Core Components: Encoder and Indexer¶

This chapter introduces you the two core components of GNES: the encoder and the indexer.

Let’s start with the essential problem in search. We have a set of document and a given query, the goal is to find documents that are semantically similar to the query. To make this problem more “modern”, we restrict ourselves to use deep neural networks in the solution.

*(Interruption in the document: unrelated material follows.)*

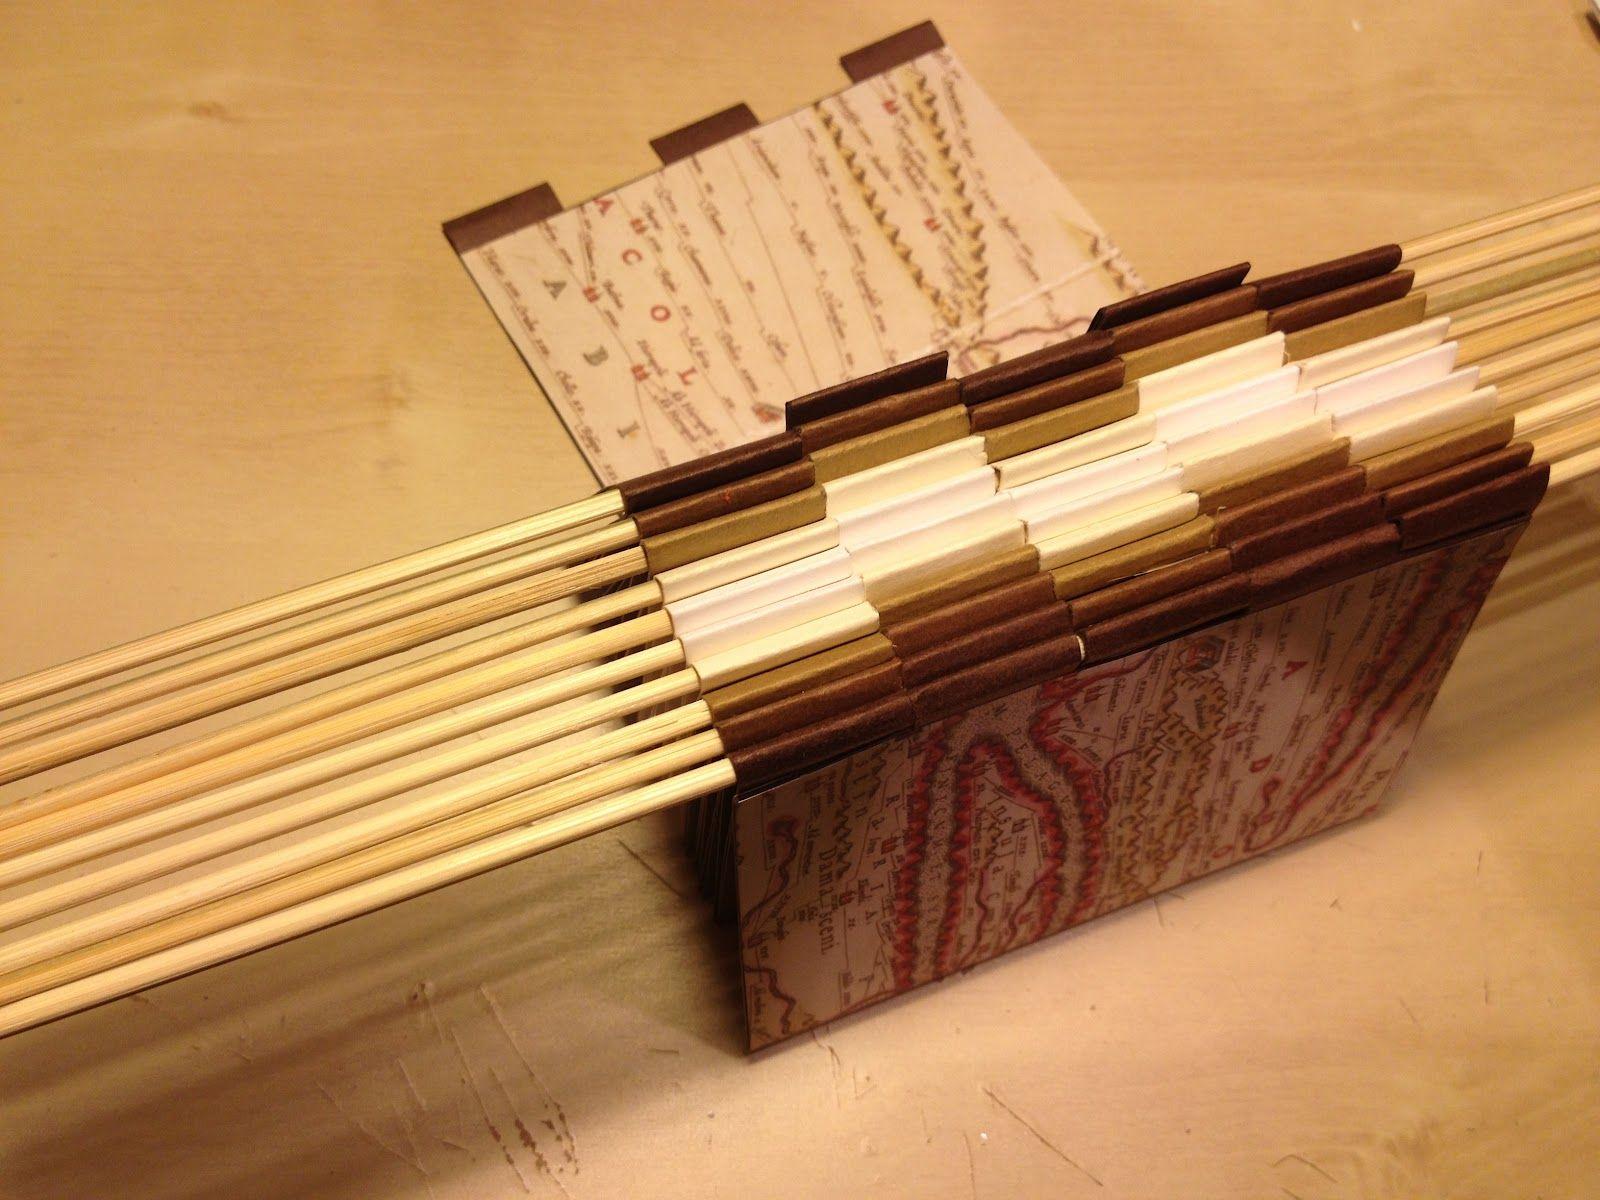 Bumbling Along How To Make A Piano Hinge Book Book Binding Methods Bookbinding Book Binding
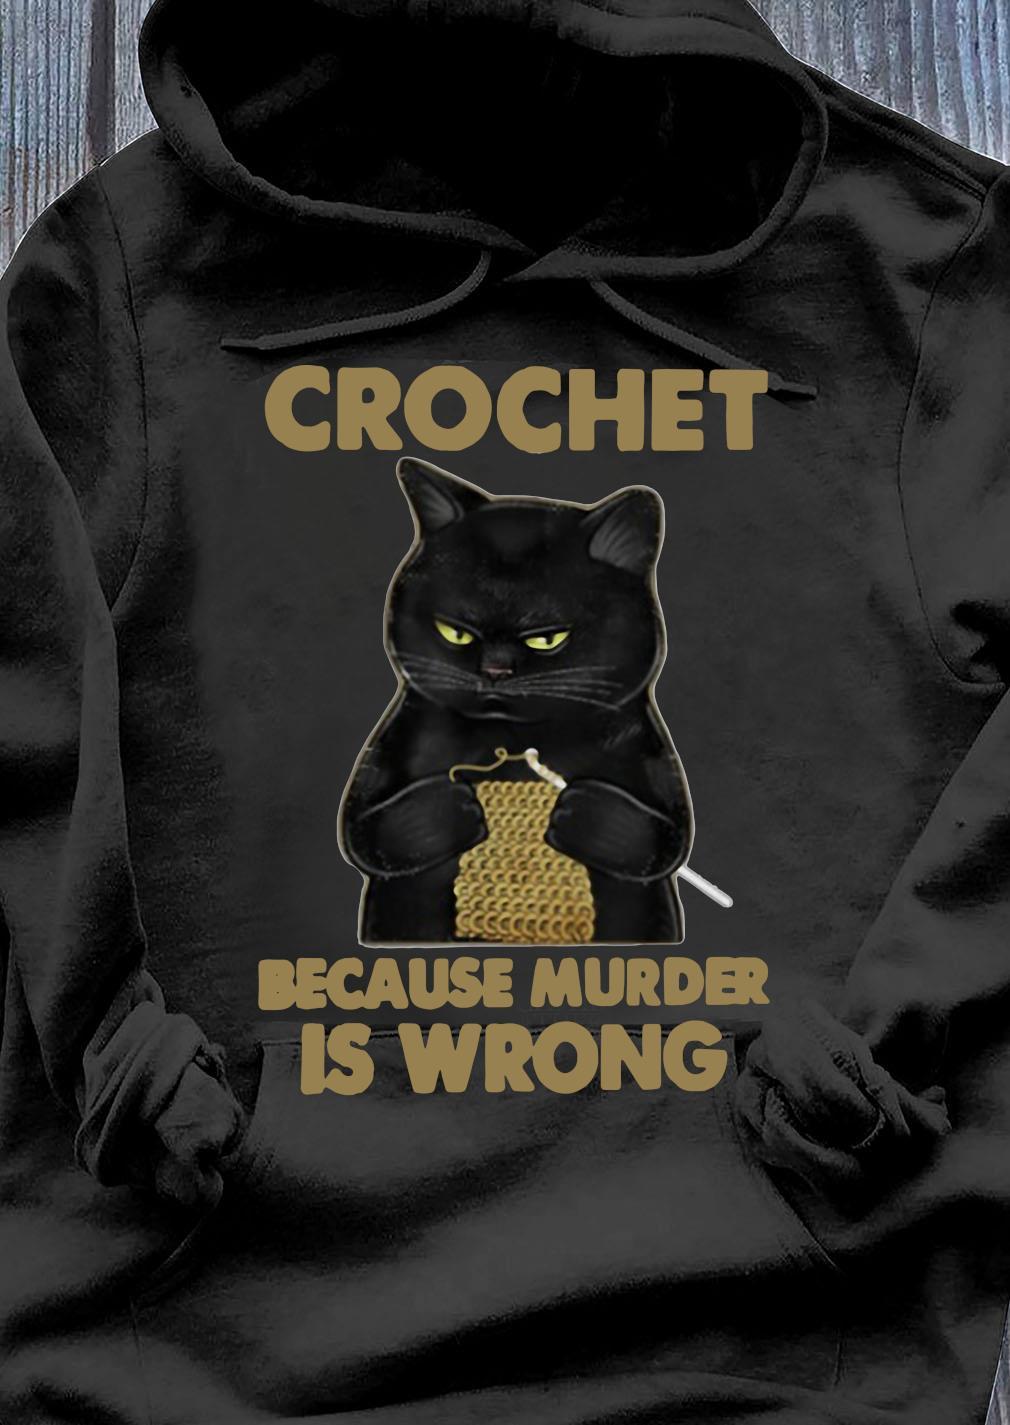 Crochet Because Murder Is Wrong Crochet Black Cat Yarn Shirt Hoodie

For example, if documents are pure text, then a simple LSTM could do the work: we feed the text sequence to an LSTM and take the last state of it to represent the text sequence. The representation is basically a float vector, e.g. 128-/256-dimensional. Now we repeat the procedure on the query and obtain its float-vector representation. The final step is compute the query representation against all documents in pairwise manner and find those similar ones.

If documents are images, then we could use a CNN with extra pooling layers to get the fixed-length representation of an image. The remaining steps are quite similar. So regardless the type of the documents, we always need an encoder to represent document into a fixed-length vector representation.

So what is an “indexer”? In the procedure above, I hide the complexity of comparing representations. In fact, when the number of documents is huge, computing the similarity between the query and all documents could take forever. Therefore, we often need a smarter data structure or preprocessing step to speedup this procedure. This smart data structure or preprocessing step is handled by the indexer.

The next figure illustrates this idea.

../_images/gnes-doc-overview-1.svg

Encoder and Indexer as Microservices¶

In GNES, the encoder and the indexer are more than simple Python modules. They are wrapped with network interfaces and command line interfaces, allowing them to be started as a standalone application. They can take input from the network or the output of other microservices.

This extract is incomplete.